We are building EVA, an AI-Relational database system with first-class support for deep learning models. Our goal with EVA is to create a platform that supports AI-powered multi-modal database applications operating on structured (tables, feature vectors, etc.) and unstructured data (videos, podcasts, pdf, etc.) with deep learning models. EVA comes with a wide range of models for analyzing unstructured data, including models for object detection, OCR, text summarization, audio speech recognition, and more.

The key feature of EVA is its AI-centric query optimizer. This optimizer is designed to speed up AI-powered applications using a collection of optimizations inspired by relational database systems. Two of the most important optimizations are:

+ Caching: EVA automatically reuses previous query results (e.g., inference results), eliminating redundant computation and saving you money on inference.

+ Predicate Reordering: EVA optimizes the order in which query predicates are evaluated (e.g., running faster, more selective deep learning models first), leading to faster queries.

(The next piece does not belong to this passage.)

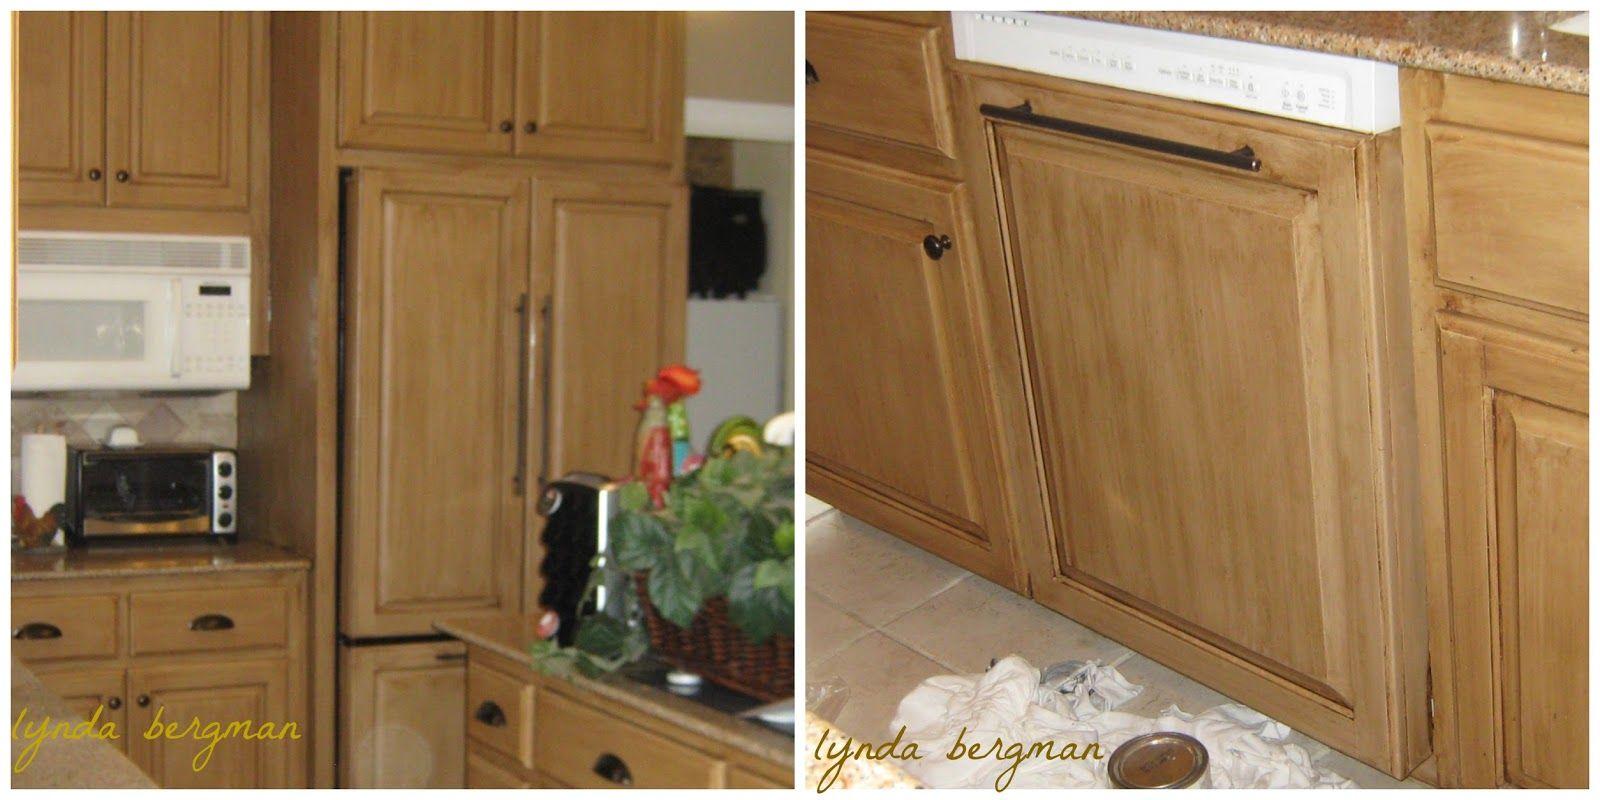 Lynda Bergman Decorative Artisan Matching New Wood To An Older Finish On Shannon S Kitchen Cabinets Kitchen Cabinets Kitchen Cabinet

Besides saving money spent on inference, EVA also makes it easier to write SQL queries to set up multi-modal AI pipelines. With EVA, you can quickly integrate your AI models into the database system and seamlessly query structured and unstructured data.

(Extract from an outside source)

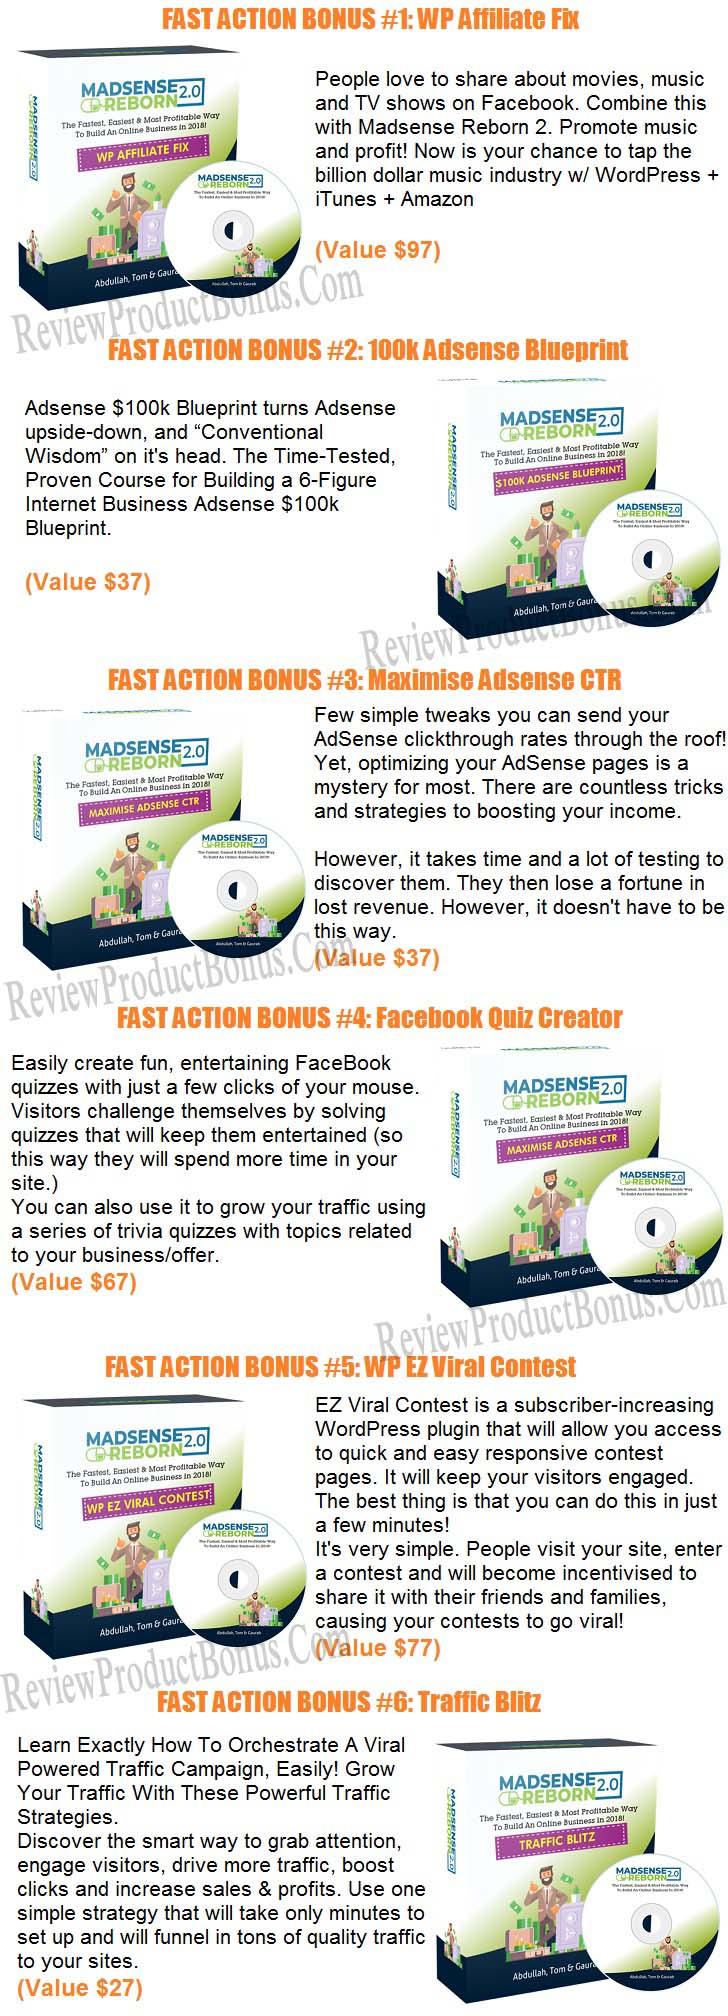 Madsense Reborn 2.0 Bonus

We are constantly working on improving EVA and would love to hear your feedback!




It appears from initial reading that it must be possible to support pure NLP tasks with this, but there weren't examples for these in the documentation, so I'm not sure. Does it support NLP models?

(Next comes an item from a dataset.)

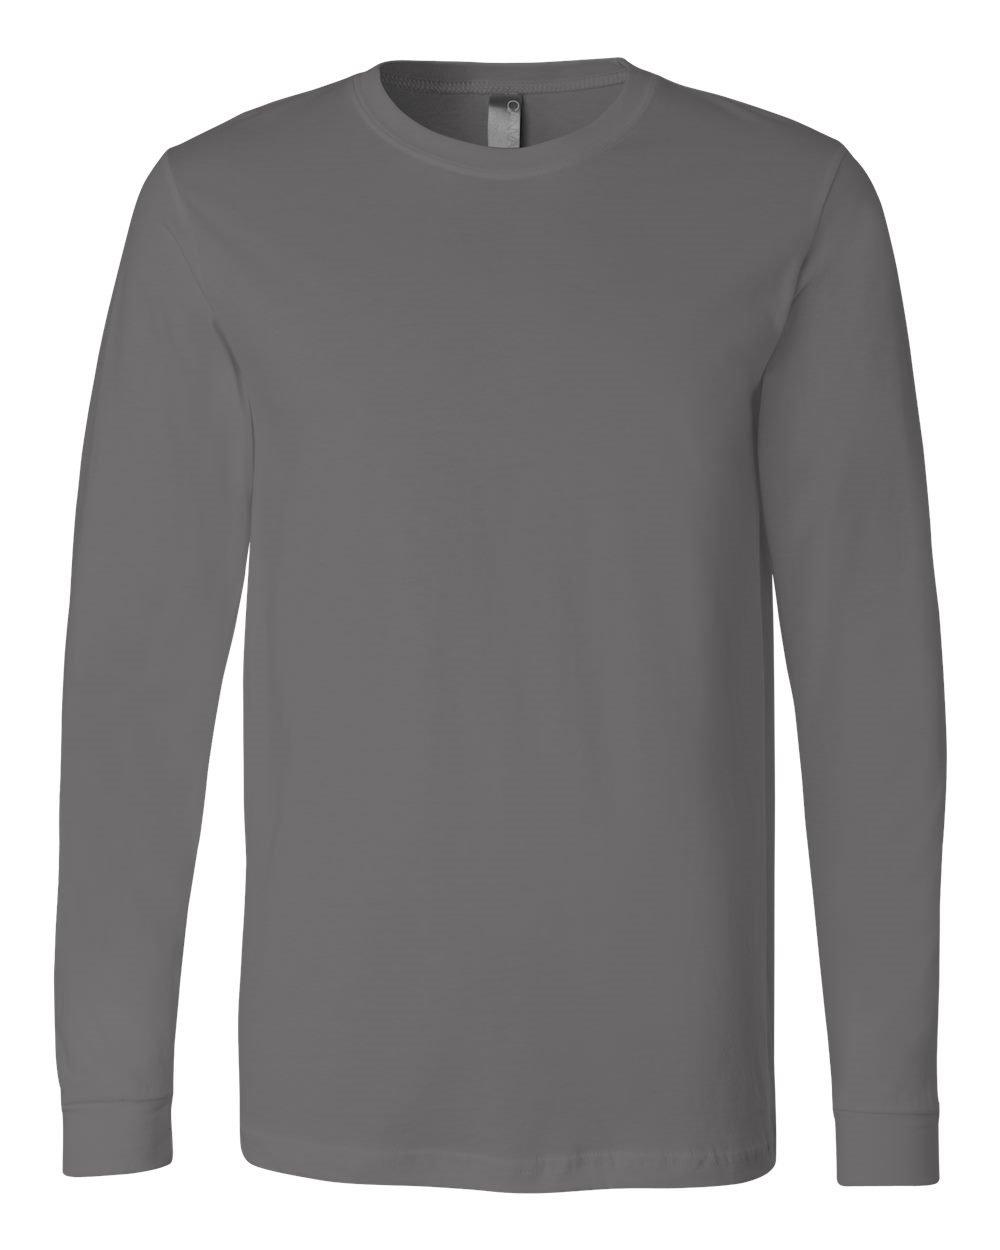 Long Sleeve Shirts - AU Availability

Ex: Could I have a store of articles and run NLP tasks against it?


Great question! Yes, EVA supports NLP pipelines thanks to our recent integration of Hugging Face pipelines last month. Here is an illustrative text classification application:

  -- Text classification application in EVA
  CREATE TABLE IF NOT EXISTS MyCSV (id INTEGER UNIQUE, comment TEXT(30));

  LOAD CSV 'csv_file_path' INTO MyCSV;

  CREATE UDF HFTextClassifier
  TYPE HuggingFace
  'task' 'text-classification';

  SELECT HFTextClassifier(comment) FROM MyCSV;
EVA supports many other NLP pipelines, including summarization and text2text generation.

[2] is an illustrative notebook that presents an HF-based object segmentation pipeline (not NLP-based though). We would love to jointly explore how to best support your NLP pipeline. Please consider opening an issue with more details on your use case.

[1] https://github.com/georgia-tech-db/eva/blob/4fa52f893e7661d4...

[2] https://evadb.readthedocs.io/en/latest/source/tutorials/07-o...


Very cool. Also, love seeing rambling wrecks from Georgia Tech here!

While this is a very cool project, making a very obvious demo that people can use to leverage it would make this stand out in the current ecosystem of tools like this.


Thanks! Likewise :)

Thanks for the suggestion! I just added links to the demo applications earlier in the README. All applications are Jupyter notebooks that you can open in Google Colab.

* Examining the emotion palette of actors in a movie: https://evadb.readthedocs.io/en/stable/source/tutorials/03-e...

* Analysing traffic flow at an intersection: https://evadb.readthedocs.io/en/stable/source/tutorials/02-o...

* Classifying images based on their content: https://evadb.readthedocs.io/en/stable/source/tutorials/01-m...

* Recognizing license plates: https://github.com/georgia-tech-db/license-plate-recognition

* Analysing toxicity of social media memes: https://github.com/georgia-tech-db/toxicity-classification


I personally wouldn’t put the Emotion one first on the GitHub README, that was the only one I opened, before clicking the license plate one and a) see it was a whole other GitHub demo and b) opened two files to see both doing parsing/loading models without any SQL before getting bored and closing the project.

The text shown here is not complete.